## Problem to work on
Please return every line of the material verbatim and skip any images.

## Data extract
------------------------------------

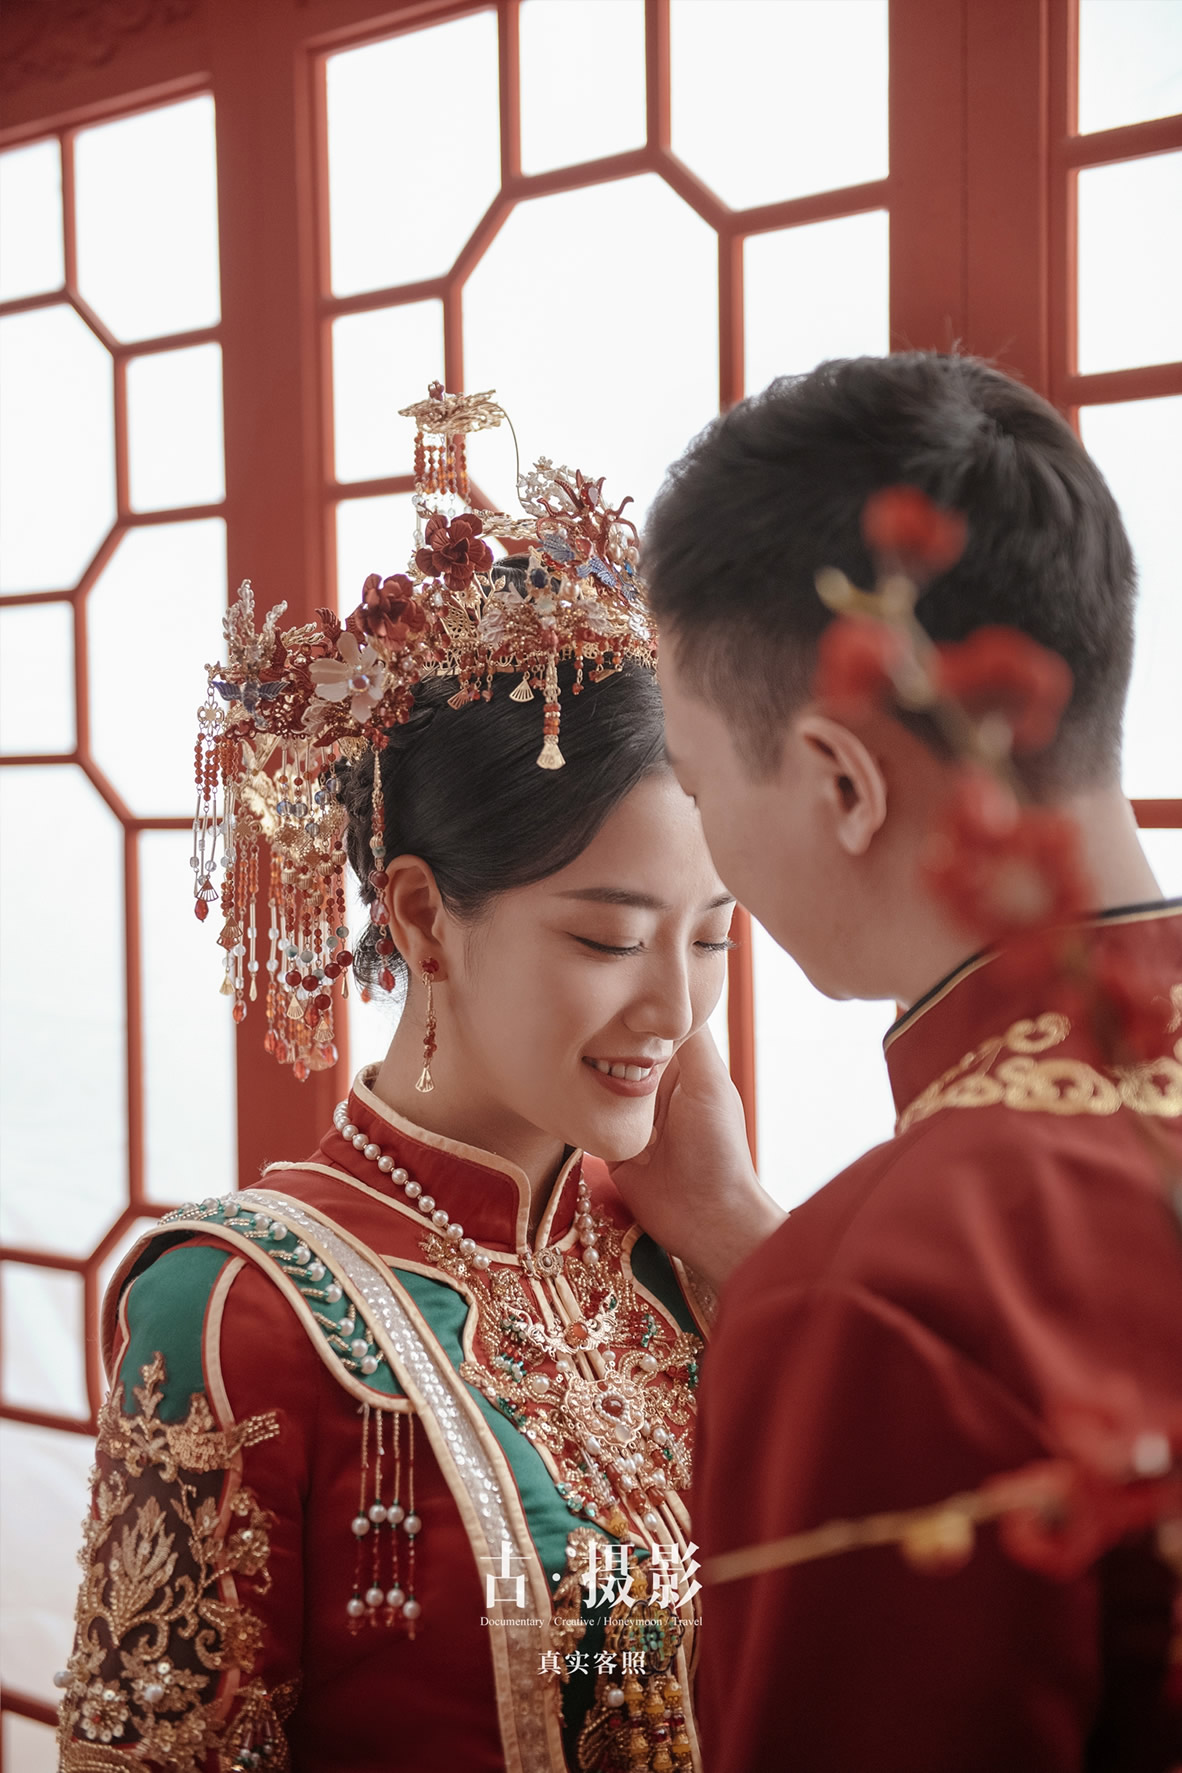 梁先生 连小姐 - 每日客照 - 广州婚纱摄影-广州古摄影官网
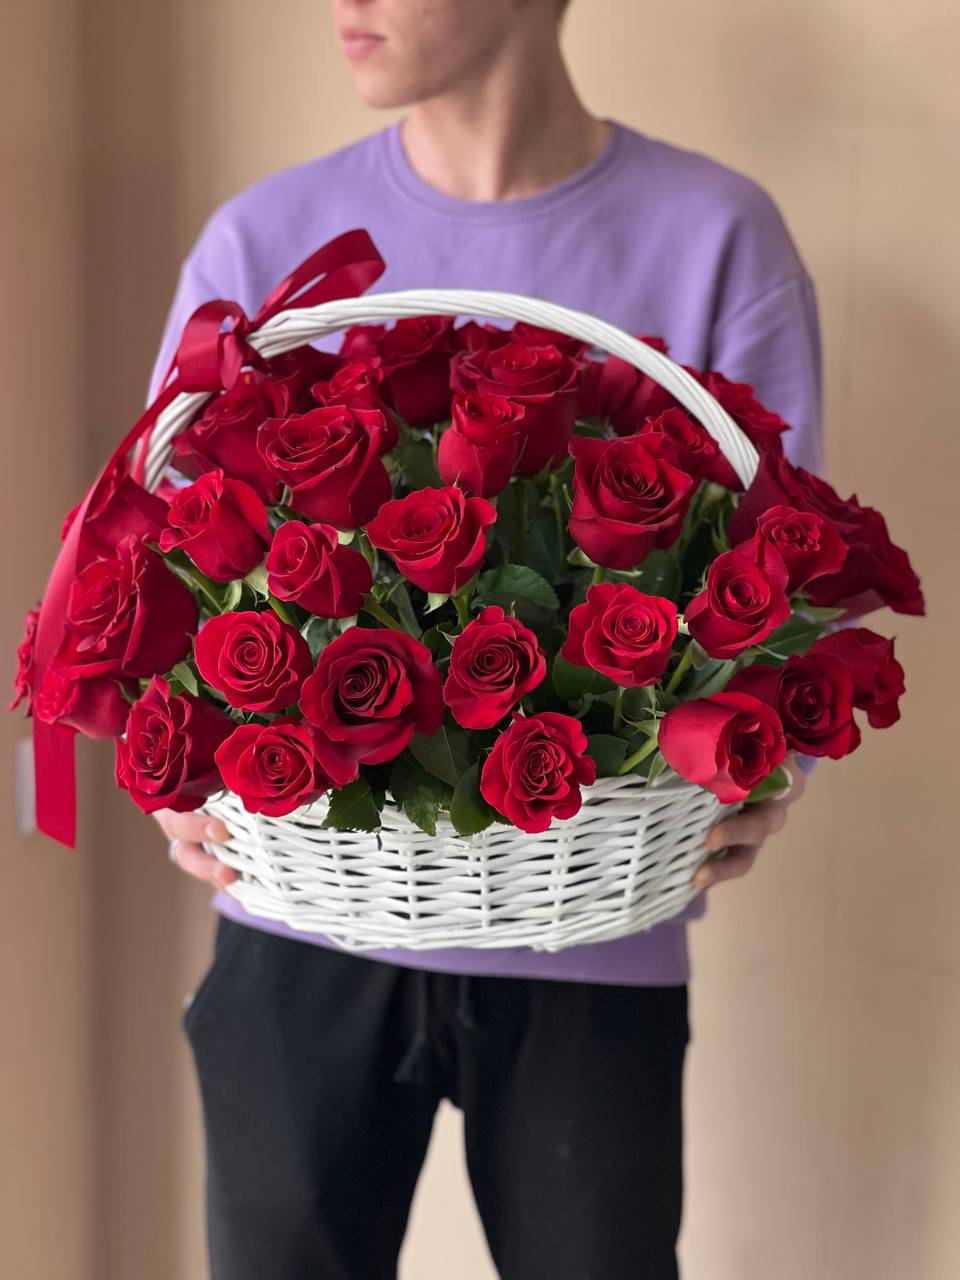 51 красная Роза в Корзине ❤️ с доставкой по Алматы
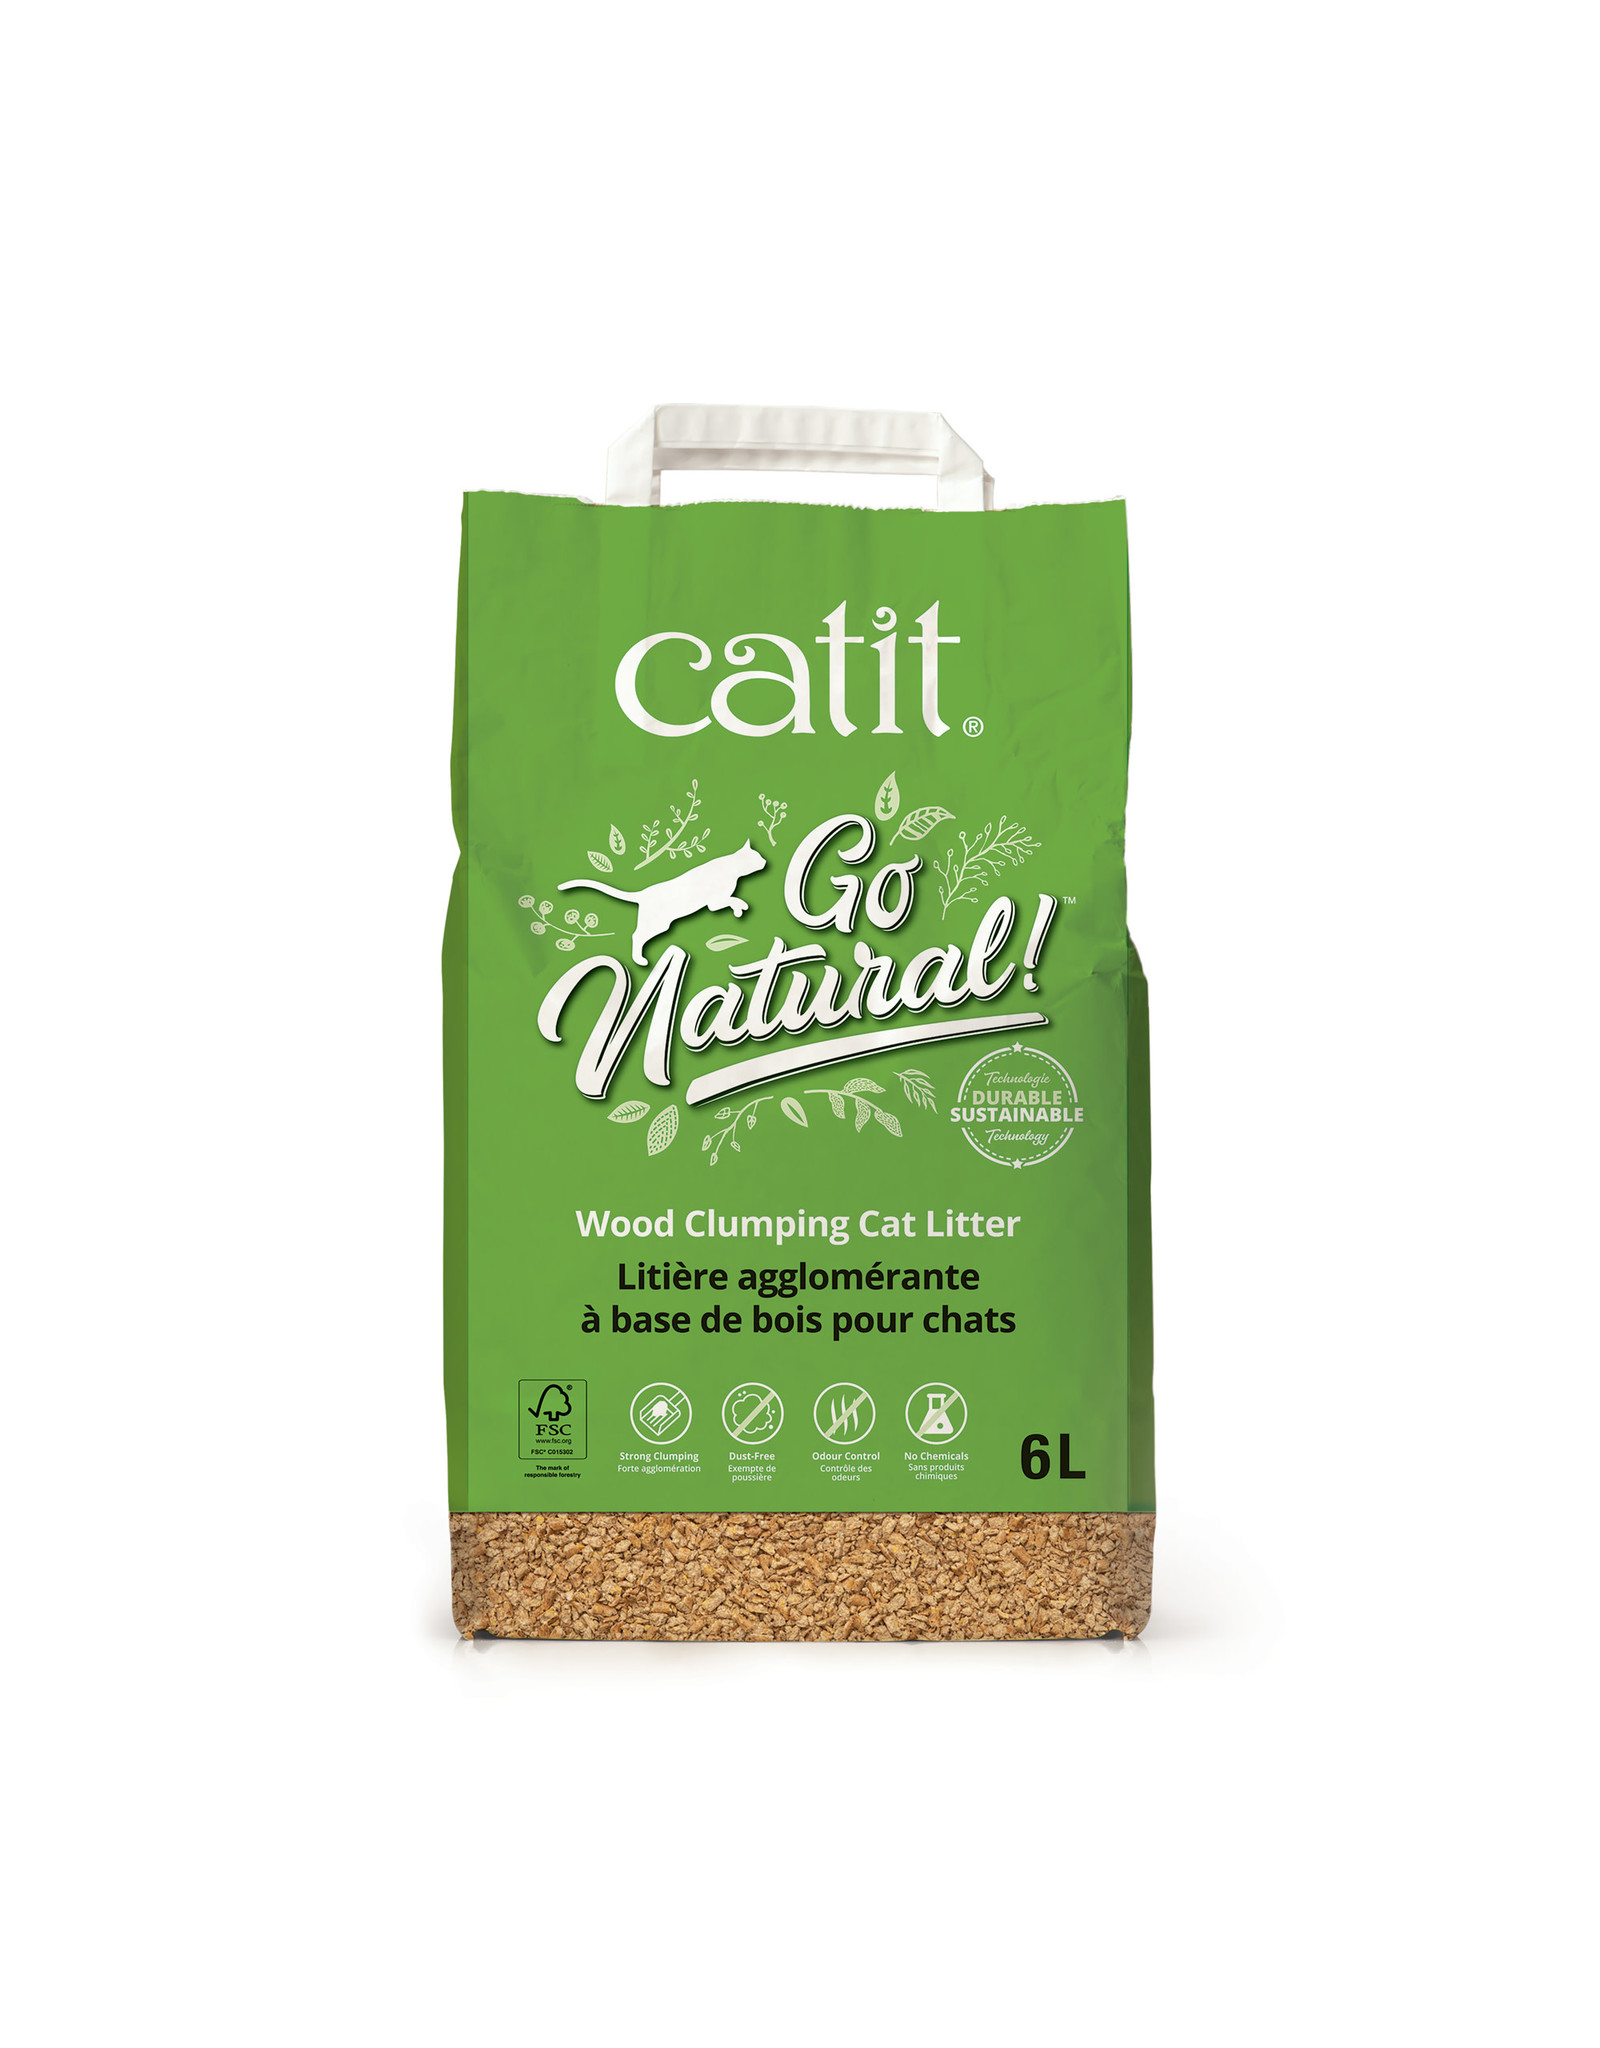 CatIt Go Natural! Wood Clumping Cat Litter 6L

------------------------------------

## Solution to the exercise
 梁先生 连小姐 - 每日客照 - 广州婚纱摄影-广州古摄影官网
 51 красная Роза в Корзине ❤️ с доставкой по Алматы
 CatIt Go Natural! Wood Clumping Cat Litter 6L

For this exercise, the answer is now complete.